# 3" custom dual exhaust



## Uberhare (Jul 30, 2003)

Magnaflow 14835 race series mufflers w/ double wall tips. 3" inlet, 4" outlet. I kept the stock piping from the cats back about 4' for now until I install K04s and new downpipes/cats. Then it will be full 3". The install shop made custom 2.25" to 3" transitions and ran 3" pipe all the way back. Plenty of room. The mufflers are a tight fit, but it works. No rubbing or rattling. Also, no center resonator.
Sounds is amazing. I'm very happy with the results. 3" pipe gives it a deeper, more exotic sound. Sounds like a pissed off R32 on 'roids.
Sorry for the crappy picture. I'll get better ones tonight.








Muffler:


----------



## Jory (Apr 29, 2005)

*Re: 3" custom dual exhaust (Uberhare)*

Got a soundclip?








Looks great http://****************.com/smile/emthup.gif


----------



## Massboykie (Aug 15, 2006)

*Re: 3" custom dual exhaust (Jory)*


_Quote, originally posted by *Jory* »_Got a soundclip?








Looks great http://****************.com/smile/emthup.gif 

http://****************.com/smile/emthup.gif


----------



## GLS-S4 (Jun 6, 2005)

*Re: 3" custom dual exhaust (Uberhare)*

Sweet http://****************.com/smile/emthup.gif


----------



## Uberhare (Jul 30, 2003)

*Re: 3" custom dual exhaust (Jory)*

No sound clip yet.
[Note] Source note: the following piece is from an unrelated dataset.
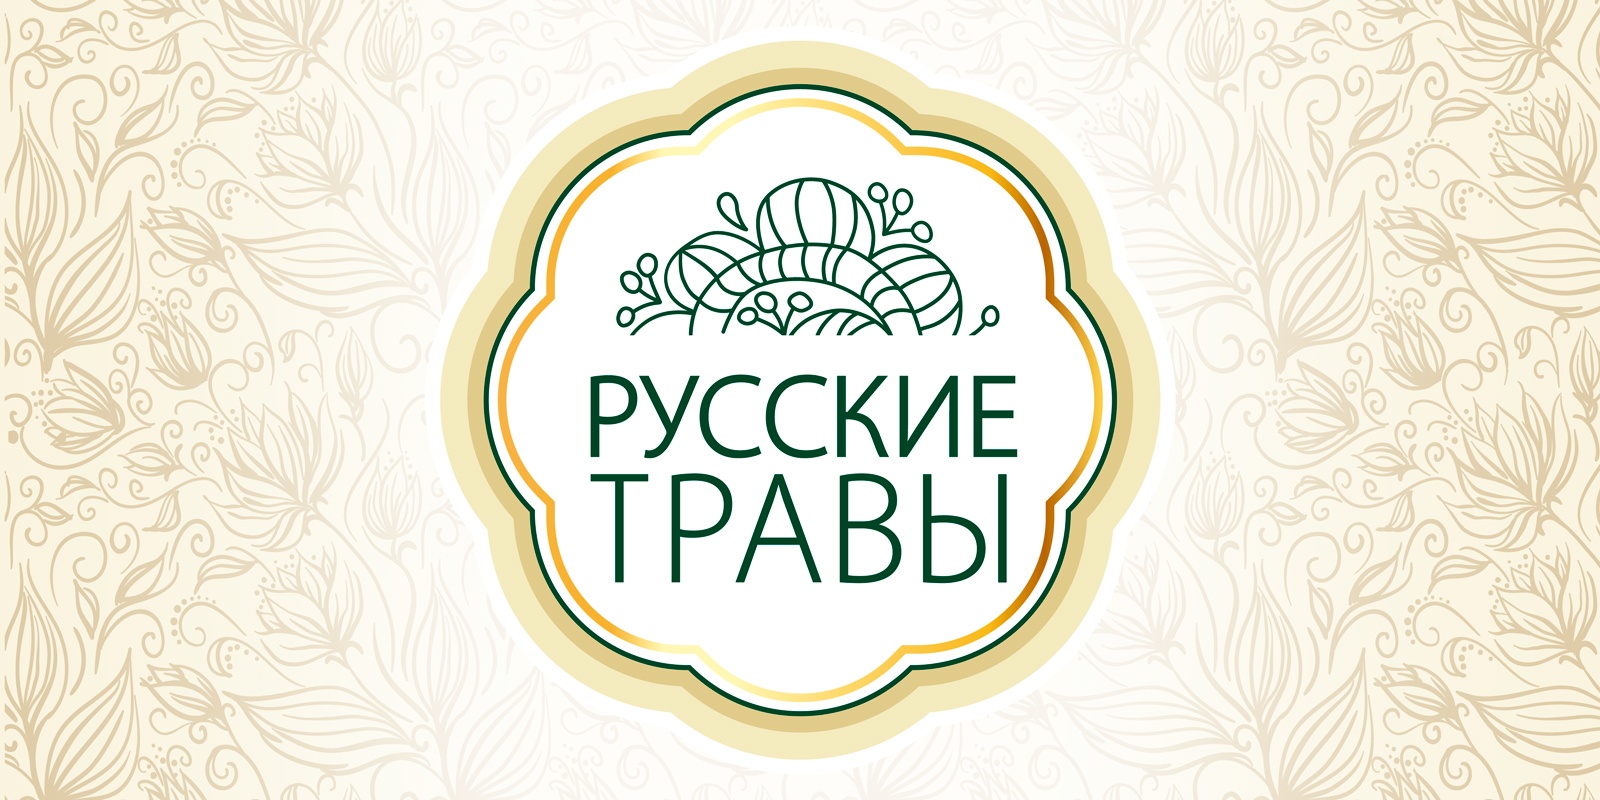 ТМ «Русские травы»;;;;;;Разработка логотипа для ТМ «Русские травы»;;;;;;<span>Клиент:</span> АМС «Медиа»;;;;;;;;;;;;Разработка логотипа для ТМ «Русские травы»;;;;;;1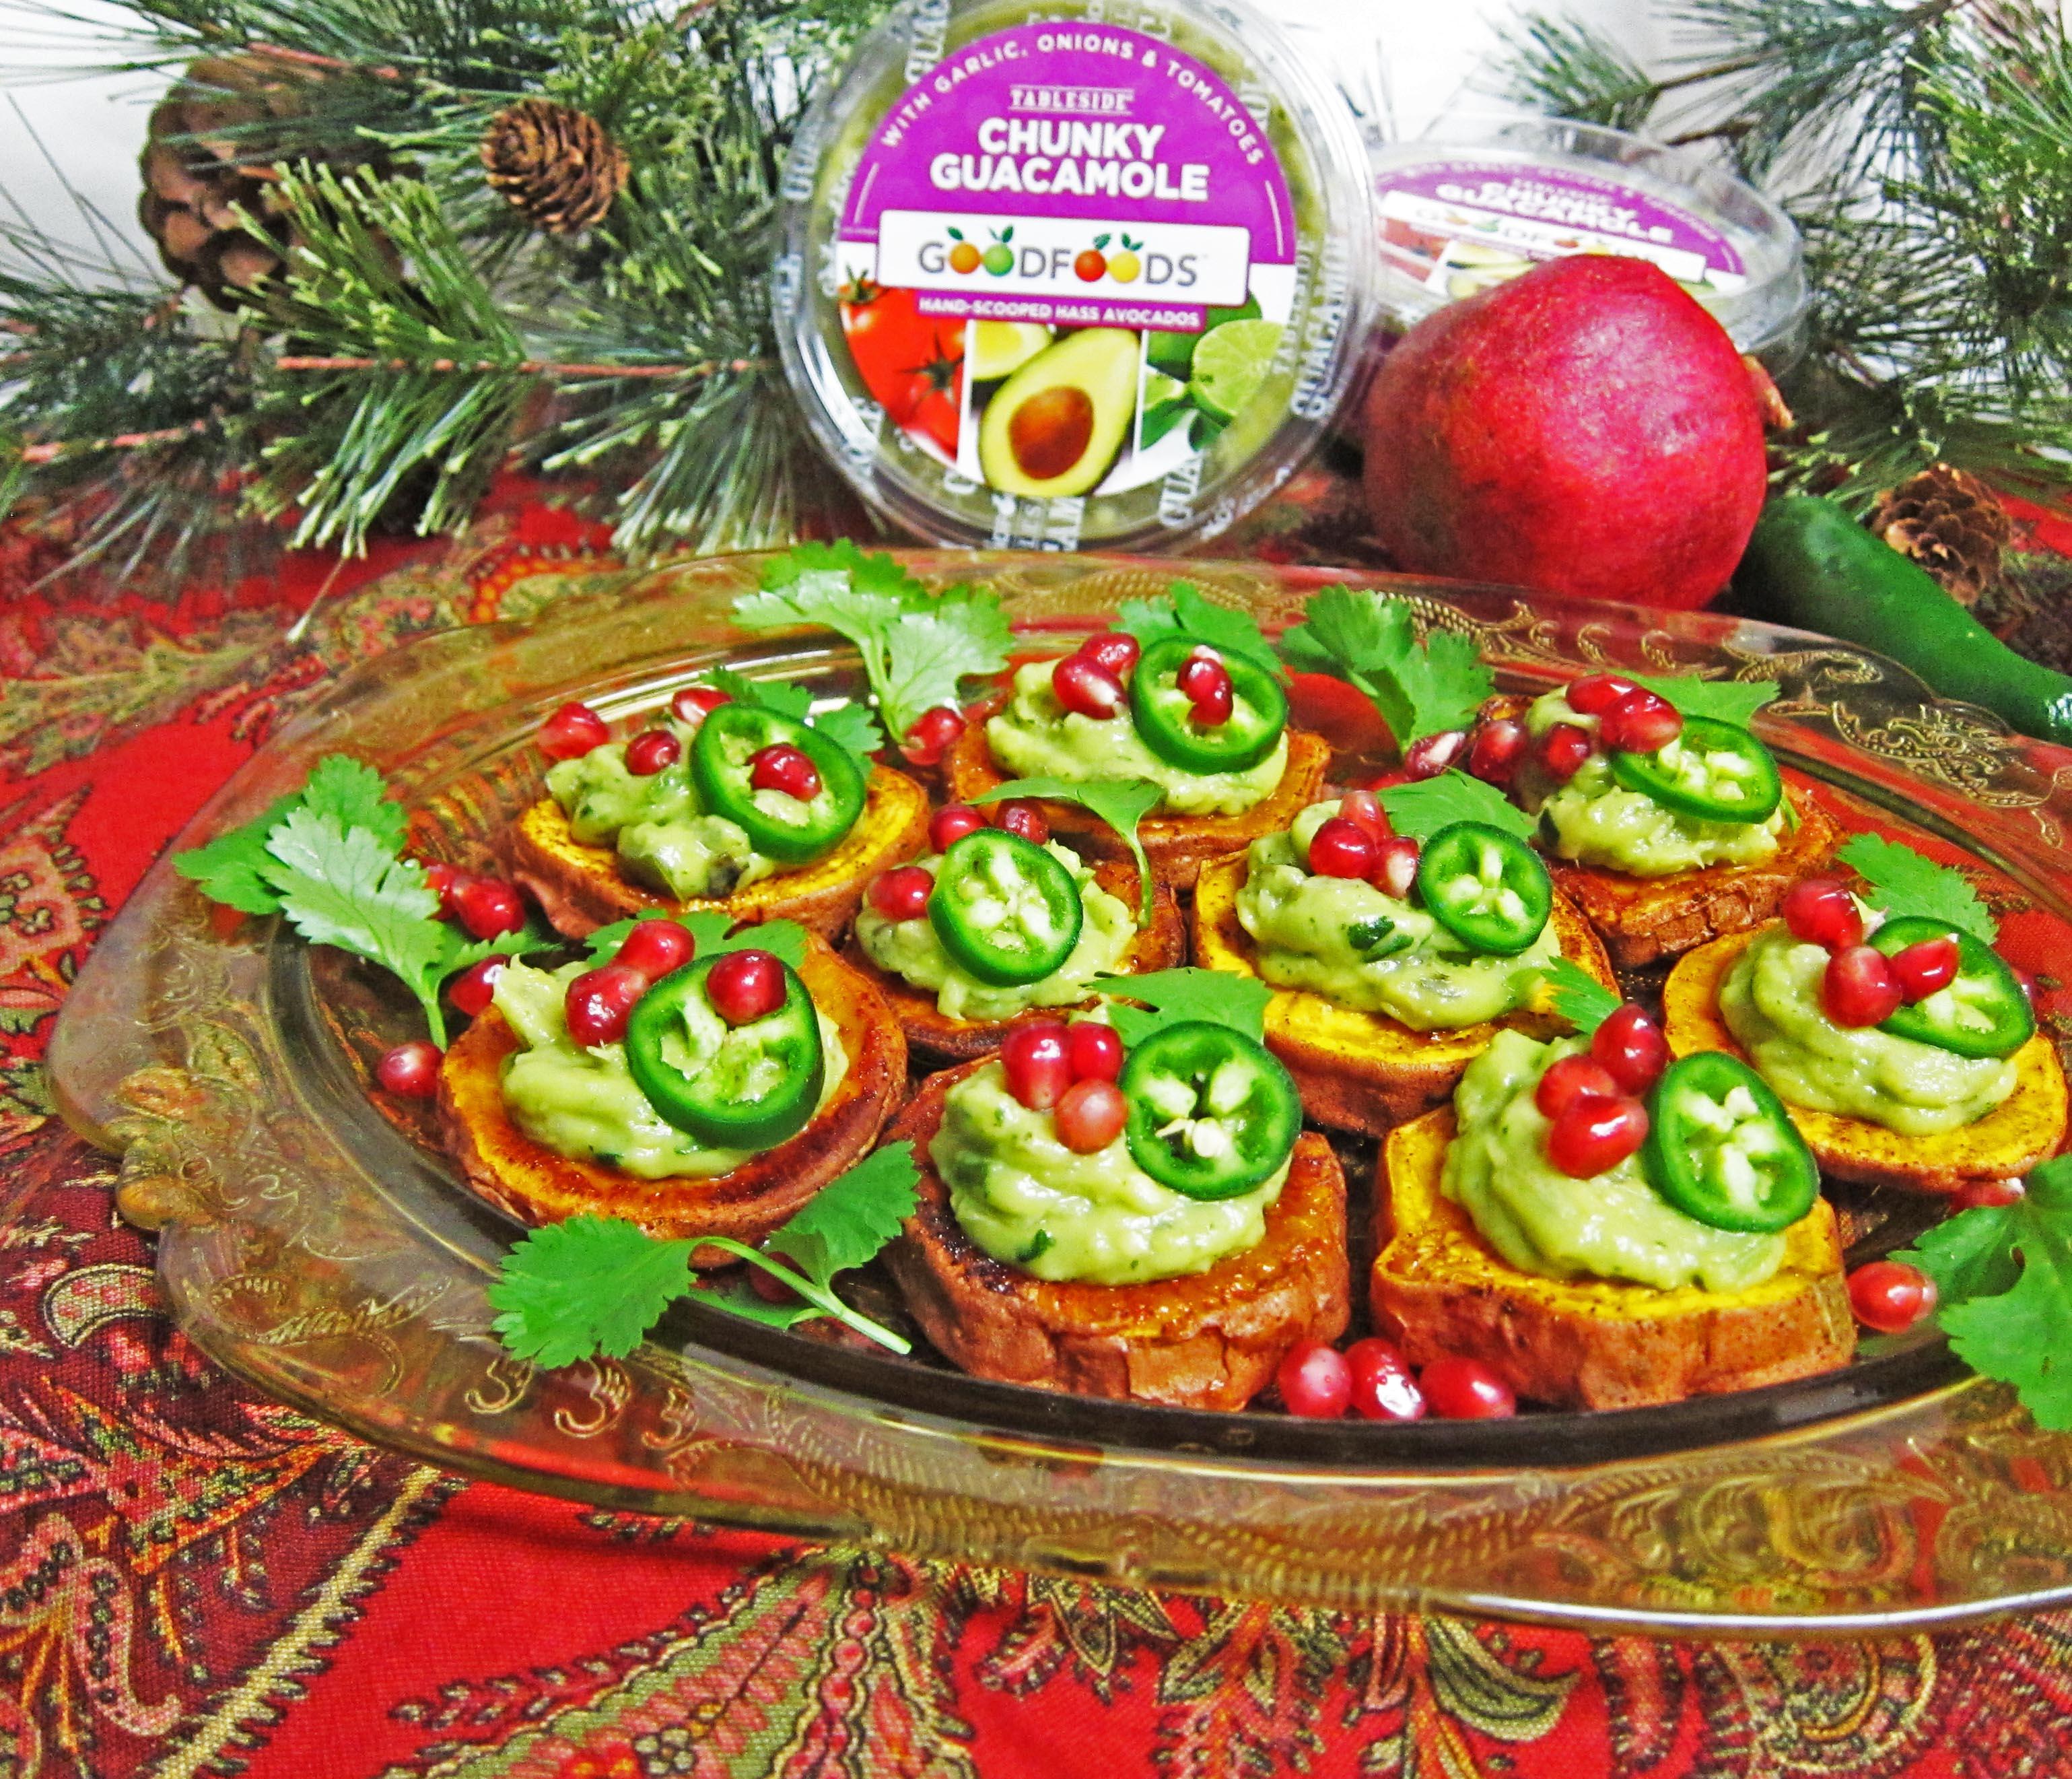 Holiday Entertaining! Mini Sweet Potato Avocado Crostini and GOODFOODS Guacamole

I'll do that this weekend. I'll also get better pictures.


----------



## EK20 (Sep 28, 2004)

*Re: 3" custom dual exhaust (Uberhare)*


_Quote, originally posted by *Uberhare* »_No sound clip yet. I'll do that this weekend. I'll also get better pictures.

We're waaaaaaaaiiiiiiiitttting.


----------



## 71DubBugBug (Dec 3, 2006)

they look good
but i want to hear them


----------



## EK20 (Sep 28, 2004)

*Re: (71DubBugBug)*

Totally, I gotta get some ideas for an exhaust setup, and those look pretty nice. If they sound half as good as they look, I'll pick those up.


----------